I came up with a similar idea while trying to solve the problem myself, but discarded it immediately because I felt like it ought to double-count some submasks. I seem to have managed to convince myself that it doesn't, but I still don't have an intuitive understanding for why this approach works. Is this some kind of a trick that I don't know? Or perhaps somebody could just explain the reasoning behind this solution to me?

Thanks!

I tried to explain this here: http://mirror.codeforces.com/blog/entry/10476 (problem Div1. E, section "Solution fount by other contestants").

In short, let's create a function f(left, right): calculate d[j] for every j with property that left <= j <= right considering only a[i] such as left <= a[i] <= right. Answer should be fount after doing f(0, 2^22 — 1).

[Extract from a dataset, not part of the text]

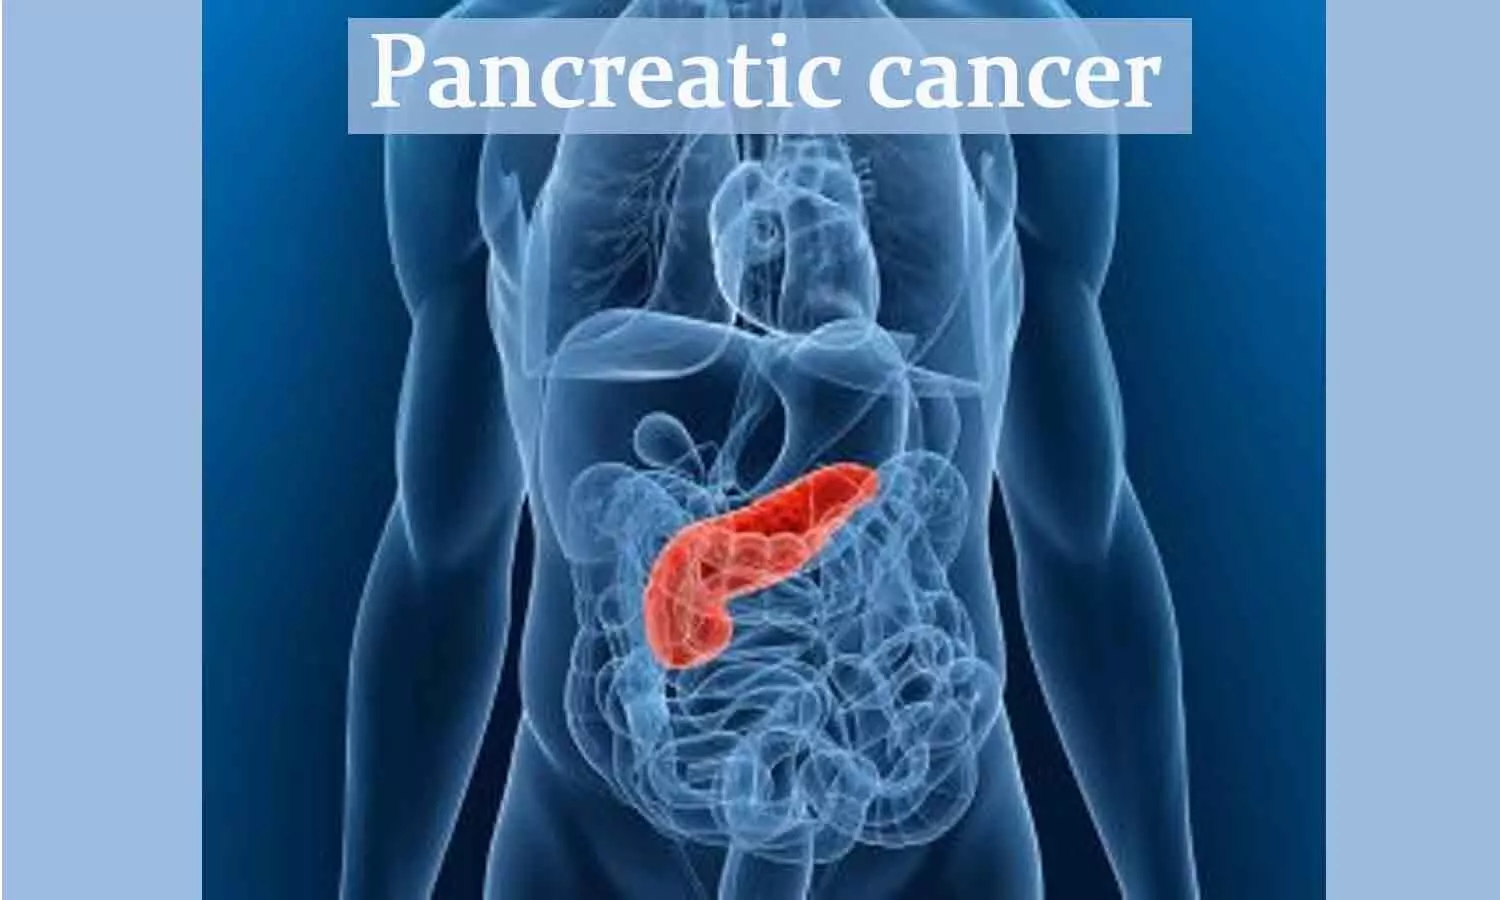 New drug may improve quality of   life and survival in pancreatic cancer

When you calculate f(left, right), let med = (left + right) / 2. We do divide and conquer. Let's call f(left, med) and f(med + 1, right). Now we have to "merge" the results. In [left, med], all numbers are equal to those from [med + 1, right] after switching the MSB of [med + 1, right] from 1 to 0. Hence, for i in [med + 1, right], i — (med + 1) is a submask of i (and all submasks of i — (med + 1) are submasks of i). So, we need to add d[i] += d[i — (med + 1)], for i in [med + 1, right]. After this merge step, nothing is counted twice, because when we do d[i] += d[i — (med + 1)], we add only numbers from [left, med] range. As the current range is [med + 1, right], those numbers were not added before.

Now the recursion code and yours are equivalent. That is just the iterative implementation of the divide and conquer solution explained :) BTW, this seemed magic for me, too, until I've stopped thinking it as an iterative code and I've started thinking it as divide&conquer.

let us see where a[i] will be counted in d[]. before first iteration it is counted in d[a[i] | 0]

let i1, i2, i3 ... in be the unset bits in a[i] such that i1 < i2 < i3... after first iteration a[i] increases count of d[a[i] | (1 << i1)]. so it affects d[a[i] | (1 << i1)] and d[a[i] | 0] after second iteration d[a[i] | (1 << i1) | (1 << i2)], d[a[i] | (1 << i2)], d[a[i] | 0], d[a[i] | (1 << i1)].

At each iteration of i1, i2.. affected indices are doubled. so total indices where a[i] is counted is 2^n, and all of the indices are supermasks of a[i]. Since a[i] has 2^n supermasks, a[i] is counted only once at each supermask.

I now the blog is old but I want to add a useful link here (for anyone who needs it). This is called sum over subset dynamic programming.

This is just prefix sum on a higher-dimension array. Probably an array like a[5][5][5][5][5] might be easier to imagine how this works.